Trickle-down economics has been forced down our throats for decades now. But tax cuts for the wealthy never trickle down. Giving rich people big tax breaks does not, in the long run, help the rest of us. Such cuts increase the deficit, do not create jobs, and simply widen the gulf between rich and poor, fermenting social unrest and populist rage.
Simply listen to Warren Buffett in this video
Buffett knows what he is saying. He's been a key insider in the world of finance for a very long time now. This should, however, be obvious in all of us. The most prosperous time period for the middle class, for poor and working people, even for the nation as a whole, was when taxes on the wealthiest were at their highest.
Honest.
Just look at the tax rates tax rates from previous decades, during the prosperity of the 1950s and 60s. Income tax rate on the wealthiest Americans during that period were never lower then 70% and often much higher. They still lived privileged lives and the nation as a whole has never been more financially healthy.
Since we began to undo all this, slashing tax rates for wealthy people (most of whom make their money by underpaying middle class employees, ripping people off by advertising and selling overpriced products, slashing benefits, and taking handouts from tax payers) we have had recession after recession and the plight of working people has become steadily worse.
No one in their right mind can honestly suggest continuing the Bush era tax cuts on the wealthiest Americans.
No doubt some will rant and rave about "punishing the successful," or "socialism," or it being "unfair to take someone's hard earned money, to that logic I respond with a previous blog post of mine, part of which I quote here:
In order for society to function we need public services and only a progressive income tax can provide the government with the money to properly create and maintain such services.
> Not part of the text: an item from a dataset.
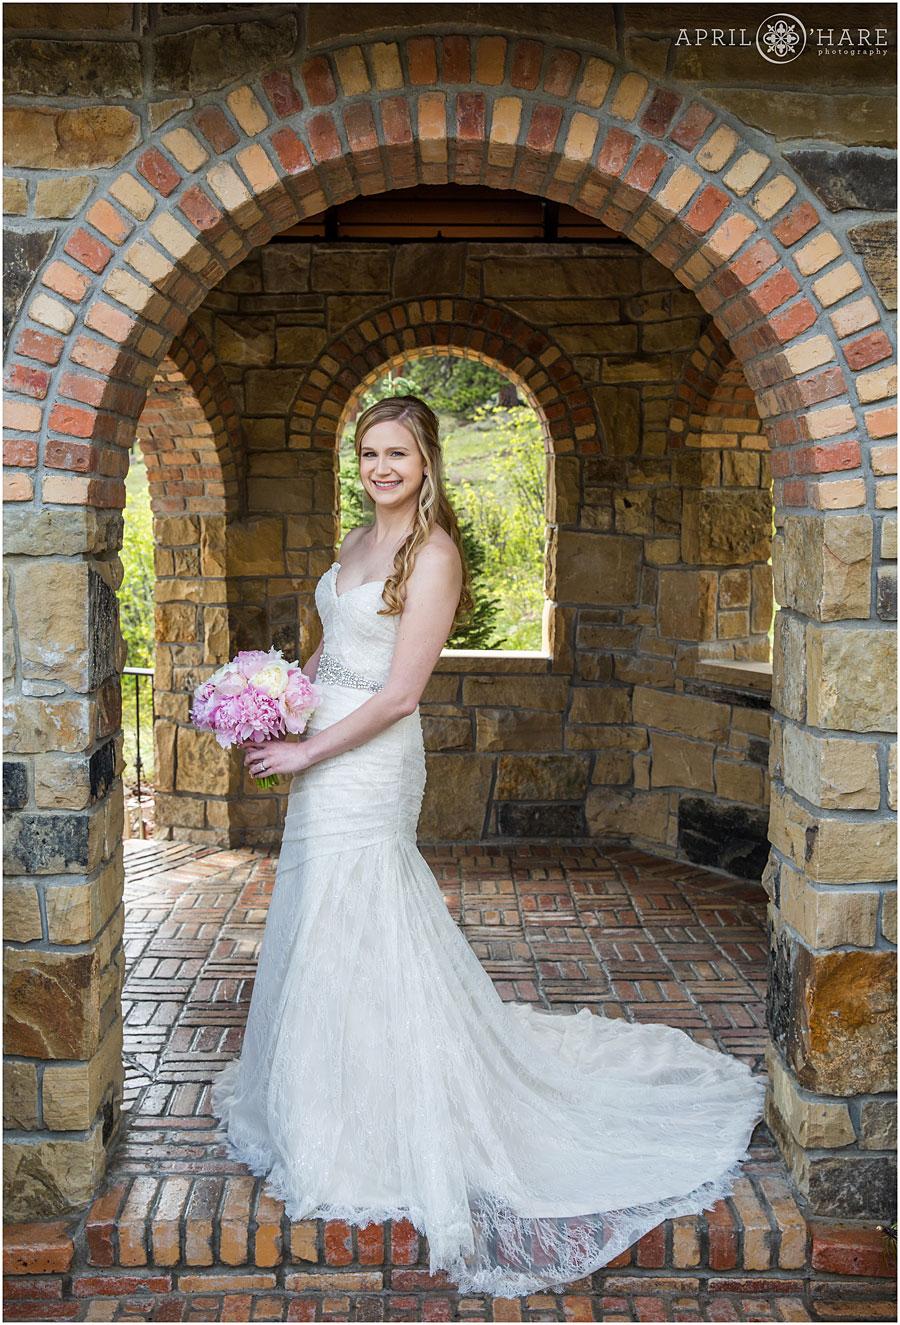 Full-Length-Bridal-Portrait-at-Stone-Gazebo-at-Della-Terra-Mountain-Chateau-in-Estes-Park-Colorado.jpg
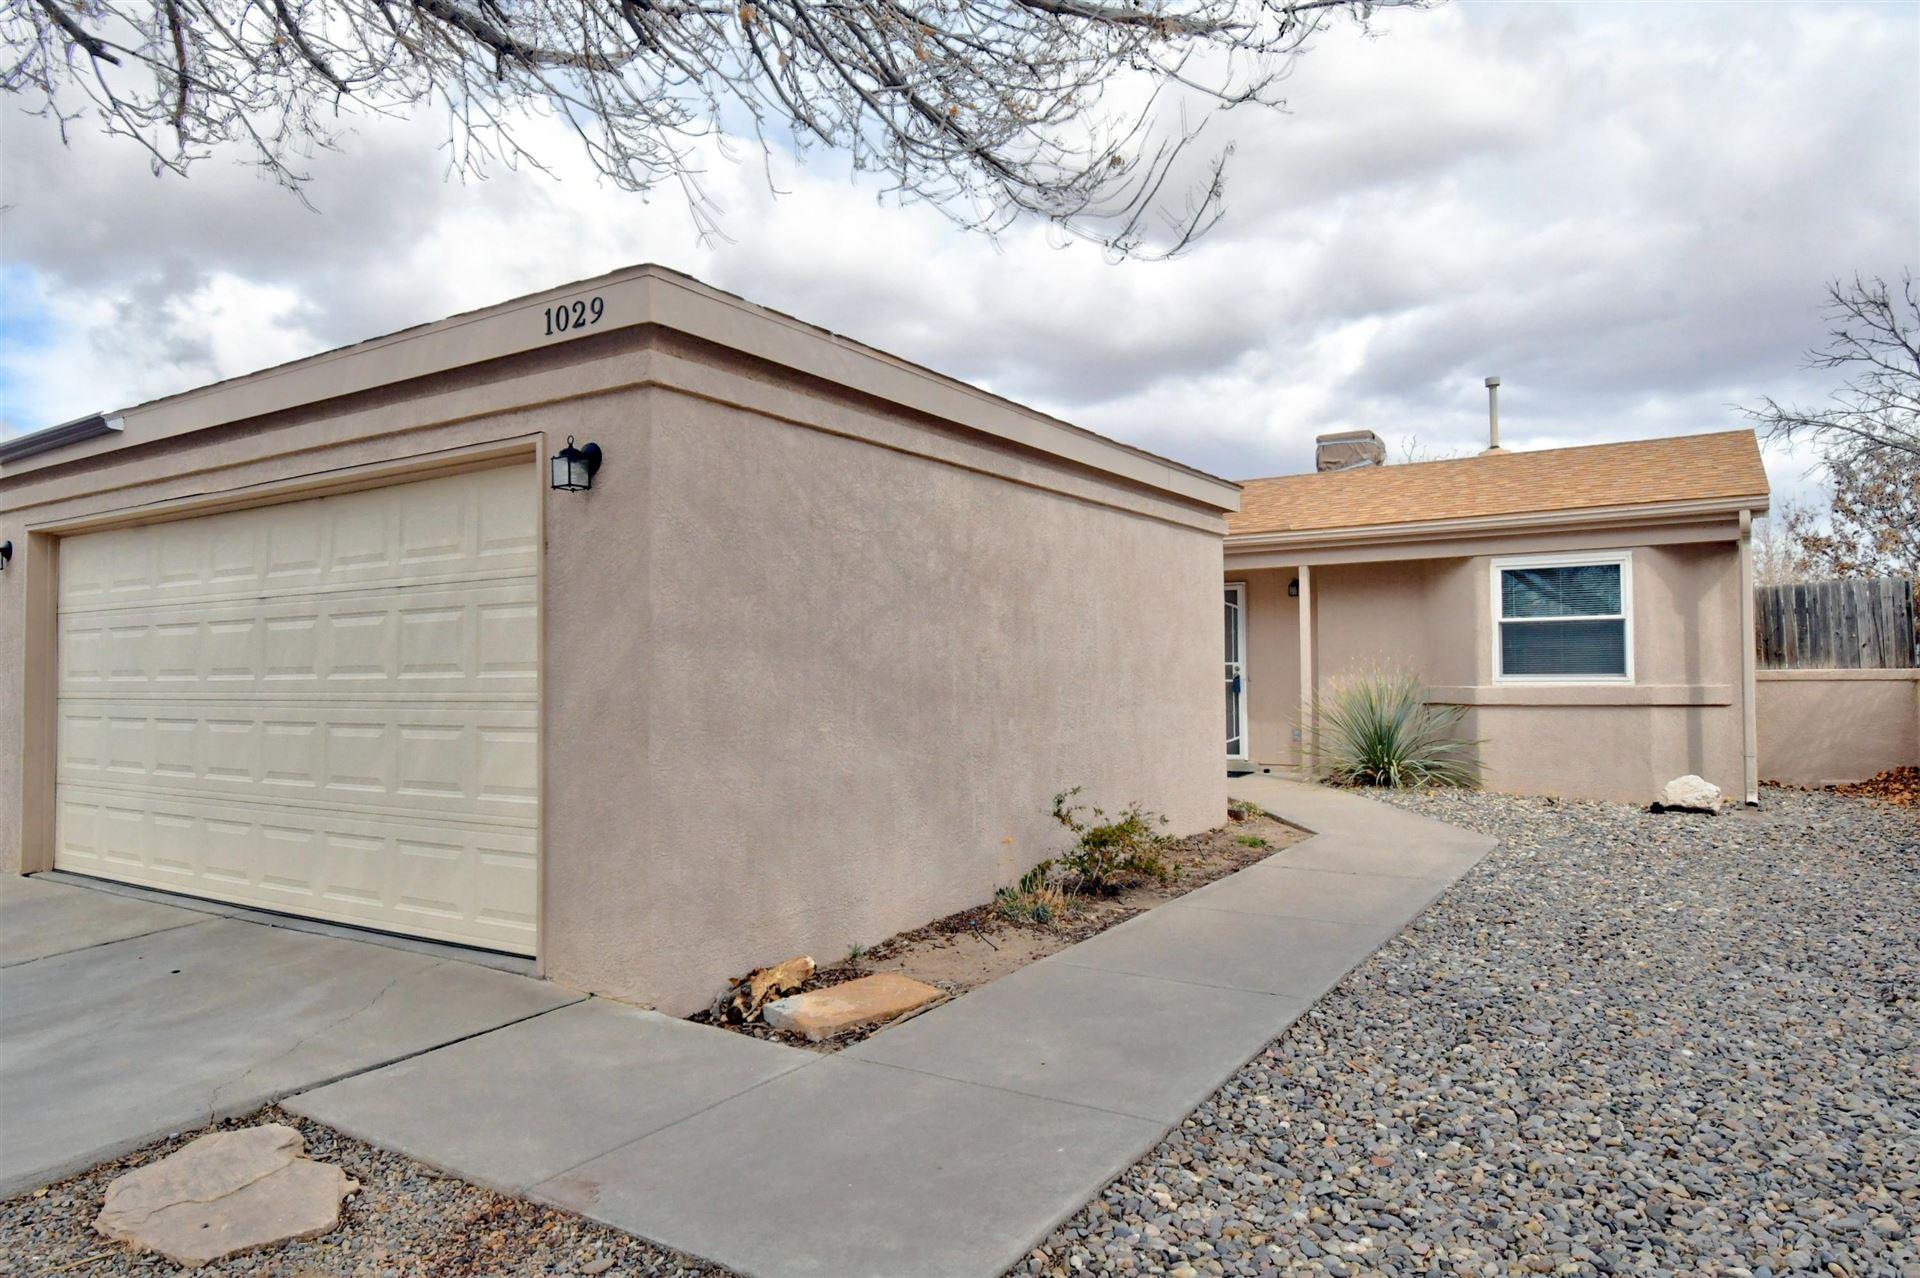 1029 HARRISON Drive NE, Rio Rancho, NM 87144 - MLS#: 987822

Let us put ideology aside here and just look at these facts.
The most common objection to the progressive income tax is that it is unfair to take a rich man's "hard-earned money" and give it to somebody else. There are numerous problems with this objection.
First, that someone makes 300,000 dollars a year and someone else makes 45,000 seldom has anything to do with how hard they work. The hardest workers in our country are blue-collar working people, who sometimes work 60-70 hours a week and will never see a pay check over 40,000. So the hard work argument is absurdly false. Indeed, wages don't even depend very much on education. I will have my Ph. D. in May and will never make more than 60 or 70 thousand. There are people with Bachelors' degrees who make twice or three times that much. And this is not always - not even all that often - because of the importance of my and their respective occupations' importance for society
Second, the person making 300,000 a year did not create that money all by themselves. People who defend this "don't raise taxes on the wealthy" line of argument often talk as if such wealthy people accomplished this entirely through their own power. This is absurd. Take a person making six figures. Someone built the roads he drives on, the car he drives in, and the clothes he is wearing. Someone built his home, set up the plumbing and wiring in it, his cable, and so on. Someone slaughtered his food, processed it, packaged it, and sold it to him in the grocery store. Even more telling, he had teachers who gave him the tools for success.
None of us are self-made men, none of us operate in a void. We are not atomistic souls pulling ourselves up by our own bootstraps. We are all part of a network of relationships, we are interdependent, interconnected, and interlinked with those who are in our community. Unless you live in the woods, built your own house from trees you chopped down, hunt and cook all your own food, and wear only the fur from your kills - you are radically dependent on other people. Without the hard work of millions of others, we could not survive and certainly could not flourish or earn high salaries. We owe a great deal to a large number of hard working people - many of whom live on meagre incomes and are often in need of public services and government aid.
If you earn six figures most of these people earn far less than you. The teachers who taught you the basic skills needed to function in society made a scant salary; many who provide you your food and clothing made far less than that. Is it really too much to ask that Uncle Sam take a few percent more of your income and then redistribute it so these people who teach our kids, build our roads, feed and clothe us might have health care? Or food stamps? Can you honestly look these hard working people in the face and say that the government cannot provide needed social service because it is wrong to raise taxes on the wealthy by 1 or 2 percent?!
Finally, the whole logic of this argument misses the point. It is NOT the case the a progressive income tax takes money from party x to give it to party y. The government takes income from party x in order to provide necessary social services available to everybody - including party x should he fall upon harder times. So we are not taxed to support "other people." Rather, we are taxed according to our means so that all people - and that includes us and our loved ones should we need it - may have access to necessary public services and government aid.
I remain convinced by these arguments. To be honest, I cannot see how anyone looking at the issue of income tax rationally and with an open-mind could honestly conclude any differently.
If we fail to end the Bush era tax cuts on the wealthy, we will be adding to our deficit, failing to do anything to create jobs, widening the gap between rich and poor even further, and harming ourselves and our futures.
It is immoral to extend these tax cuts.